What to produce:
This exercise needs the complete data reproduced exactly.

__________________________________________________

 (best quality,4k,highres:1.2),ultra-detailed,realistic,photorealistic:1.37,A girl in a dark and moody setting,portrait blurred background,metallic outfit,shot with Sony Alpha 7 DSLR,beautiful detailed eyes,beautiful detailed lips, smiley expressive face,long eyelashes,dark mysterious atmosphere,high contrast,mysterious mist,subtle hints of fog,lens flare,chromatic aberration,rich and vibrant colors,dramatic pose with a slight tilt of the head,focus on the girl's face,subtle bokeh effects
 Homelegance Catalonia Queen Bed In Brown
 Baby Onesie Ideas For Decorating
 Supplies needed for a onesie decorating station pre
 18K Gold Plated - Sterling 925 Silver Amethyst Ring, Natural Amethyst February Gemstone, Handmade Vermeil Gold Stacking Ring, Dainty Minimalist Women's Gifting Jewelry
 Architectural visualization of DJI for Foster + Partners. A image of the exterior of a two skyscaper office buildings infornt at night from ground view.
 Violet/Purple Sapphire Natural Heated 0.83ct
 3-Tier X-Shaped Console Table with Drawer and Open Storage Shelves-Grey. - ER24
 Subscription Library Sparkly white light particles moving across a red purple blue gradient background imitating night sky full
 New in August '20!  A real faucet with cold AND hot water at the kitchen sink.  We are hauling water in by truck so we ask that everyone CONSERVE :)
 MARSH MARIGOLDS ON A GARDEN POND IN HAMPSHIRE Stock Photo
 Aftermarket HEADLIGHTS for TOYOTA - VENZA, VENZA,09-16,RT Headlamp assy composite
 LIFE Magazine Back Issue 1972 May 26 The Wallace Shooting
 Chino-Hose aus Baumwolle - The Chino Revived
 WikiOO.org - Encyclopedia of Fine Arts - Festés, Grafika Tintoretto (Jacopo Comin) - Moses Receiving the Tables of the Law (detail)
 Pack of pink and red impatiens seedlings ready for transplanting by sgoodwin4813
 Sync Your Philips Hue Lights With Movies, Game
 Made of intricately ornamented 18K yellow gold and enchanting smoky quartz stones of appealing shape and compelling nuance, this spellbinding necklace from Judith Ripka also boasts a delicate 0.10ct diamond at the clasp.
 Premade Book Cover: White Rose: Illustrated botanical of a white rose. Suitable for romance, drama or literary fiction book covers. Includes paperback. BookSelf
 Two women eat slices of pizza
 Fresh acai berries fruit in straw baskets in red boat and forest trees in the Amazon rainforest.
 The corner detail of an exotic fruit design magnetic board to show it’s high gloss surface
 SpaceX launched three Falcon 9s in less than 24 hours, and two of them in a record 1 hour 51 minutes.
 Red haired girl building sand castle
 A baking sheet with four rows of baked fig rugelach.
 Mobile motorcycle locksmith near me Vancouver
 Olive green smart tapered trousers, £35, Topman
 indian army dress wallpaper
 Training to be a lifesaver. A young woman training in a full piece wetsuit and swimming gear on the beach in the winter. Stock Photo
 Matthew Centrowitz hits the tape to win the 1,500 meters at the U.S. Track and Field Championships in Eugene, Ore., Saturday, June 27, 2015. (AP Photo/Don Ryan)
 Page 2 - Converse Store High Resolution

__________________________________________________

Response box:
 (best quality,4k,highres:1.2),ultra-detailed,realistic,photorealistic:1.37,A girl in a dark and moody setting,portrait blurred background,metallic outfit,shot with Sony Alpha 7 DSLR,beautiful detailed eyes,beautiful detailed lips, smiley expressive face,long eyelashes,dark mysterious atmosphere,high contrast,mysterious mist,subtle hints of fog,lens flare,chromatic aberration,rich and vibrant colors,dramatic pose with a slight tilt of the head,focus on the girl's face,subtle bokeh effects
 Homelegance Catalonia Queen Bed In Brown
 Baby Onesie Ideas For Decorating
 Supplies needed for a onesie decorating station pre
 18K Gold Plated - Sterling 925 Silver Amethyst Ring, Natural Amethyst February Gemstone, Handmade Vermeil Gold Stacking Ring, Dainty Minimalist Women's Gifting Jewelry
 Architectural visualization of DJI for Foster + Partners. A image of the exterior of a two skyscaper office buildings infornt at night from ground view.
 Violet/Purple Sapphire Natural Heated 0.83ct
 3-Tier X-Shaped Console Table with Drawer and Open Storage Shelves-Grey. - ER24
 Subscription Library Sparkly white light particles moving across a red purple blue gradient background imitating night sky full
 New in August '20!  A real faucet with cold AND hot water at the kitchen sink.  We are hauling water in by truck so we ask that everyone CONSERVE :)
 MARSH MARIGOLDS ON A GARDEN POND IN HAMPSHIRE Stock Photo
 Aftermarket HEADLIGHTS for TOYOTA - VENZA, VENZA,09-16,RT Headlamp assy composite
 LIFE Magazine Back Issue 1972 May 26 The Wallace Shooting
 Chino-Hose aus Baumwolle - The Chino Revived
 WikiOO.org - Encyclopedia of Fine Arts - Festés, Grafika Tintoretto (Jacopo Comin) - Moses Receiving the Tables of the Law (detail)
 Pack of pink and red impatiens seedlings ready for transplanting by sgoodwin4813
 Sync Your Philips Hue Lights With Movies, Game
 Made of intricately ornamented 18K yellow gold and enchanting smoky quartz stones of appealing shape and compelling nuance, this spellbinding necklace from Judith Ripka also boasts a delicate 0.10ct diamond at the clasp.
 Premade Book Cover: White Rose: Illustrated botanical of a white rose. Suitable for romance, drama or literary fiction book covers. Includes paperback. BookSelf
 Two women eat slices of pizza
 Fresh acai berries fruit in straw baskets in red boat and forest trees in the Amazon rainforest.
 The corner detail of an exotic fruit design magnetic board to show it’s high gloss surface
 SpaceX launched three Falcon 9s in less than 24 hours, and two of them in a record 1 hour 51 minutes.
 Red haired girl building sand castle
 A baking sheet with four rows of baked fig rugelach.
 Mobile motorcycle locksmith near me Vancouver
 Olive green smart tapered trousers, £35, Topman
 indian army dress wallpaper
 Training to be a lifesaver. A young woman training in a full piece wetsuit and swimming gear on the beach in the winter. Stock Photo
 Matthew Centrowitz hits the tape to win the 1,500 meters at the U.S. Track and Field Championships in Eugene, Ore., Saturday, June 27, 2015. (AP Photo/Don Ryan)
 Page 2 - Converse Store High Resolution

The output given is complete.